High-Dimensional Distributed Sparse Classification with Scalable Communication-Efficient Global Updates

TL;DR

This paper introduces a scalable, communication-efficient distributed method for high-dimensional sparse logistic regression, effectively handling massive datasets with millions of features and improving accuracy with minimal communication rounds.

Contribution

It develops novel solutions to address divergence and sparsity challenges in distributed surrogate likelihood optimization for logistic regression on large-scale data.

Findings

Significant accuracy improvement over existing distributed algorithms

Fewer communication rounds needed for convergence

Comparable or faster runtimes on large datasets

Abstract

As the size of datasets used in statistical learning continues to grow, distributed training of models has attracted increasing attention. These methods partition the data and exploit parallelism to reduce memory and runtime, but suffer increasingly from communication costs as the data size or the number of iterations grows.
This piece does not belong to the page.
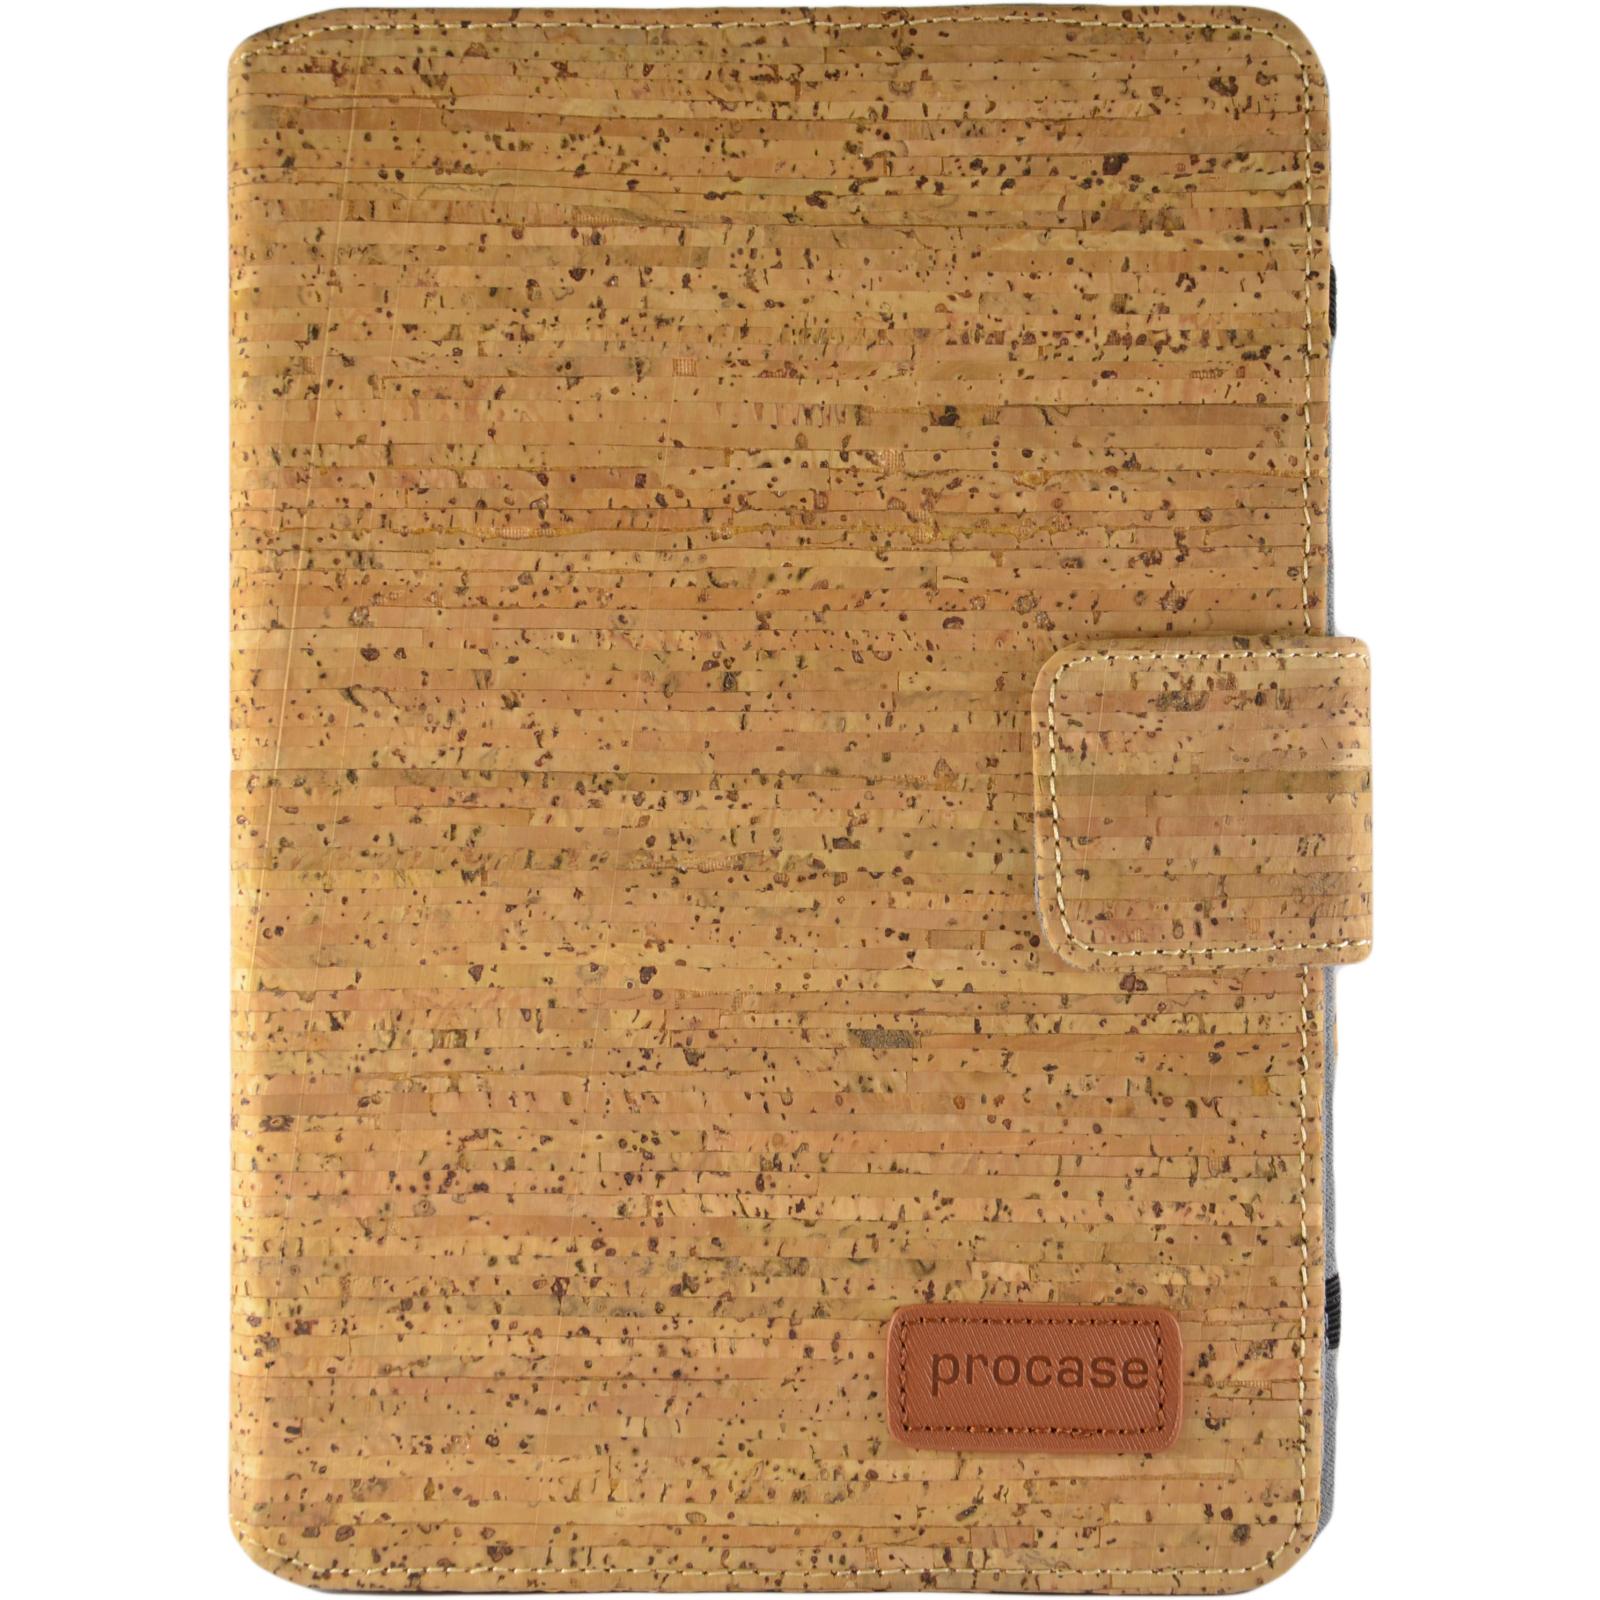 "Чехол для планшета Pro-case Чохол планшету унiверсальний Pro-case Cork case 7-8"" beige (UNS-045)"

Recent work on linear models has shown that a surrogate likelihood can be optimized locally to iteratively improve on an initial solution in a communication-efficient manner. However, existing versions of these methods experience multiple shortcomings as the data size becomes massive, including diverging updates and efficiently handling sparsity. In this work we develop solutions to these problems which enable us to learn a communication-efficient distributed logistic regression model even beyond millions of features. In our experiments we demonstrate a large improvement in accuracy over distributed algorithms with only a few distributed update steps needed, and similar or faster runtimes. Our code is available at \url{https://github.com/FutureComputing4AI/ProxCSL}.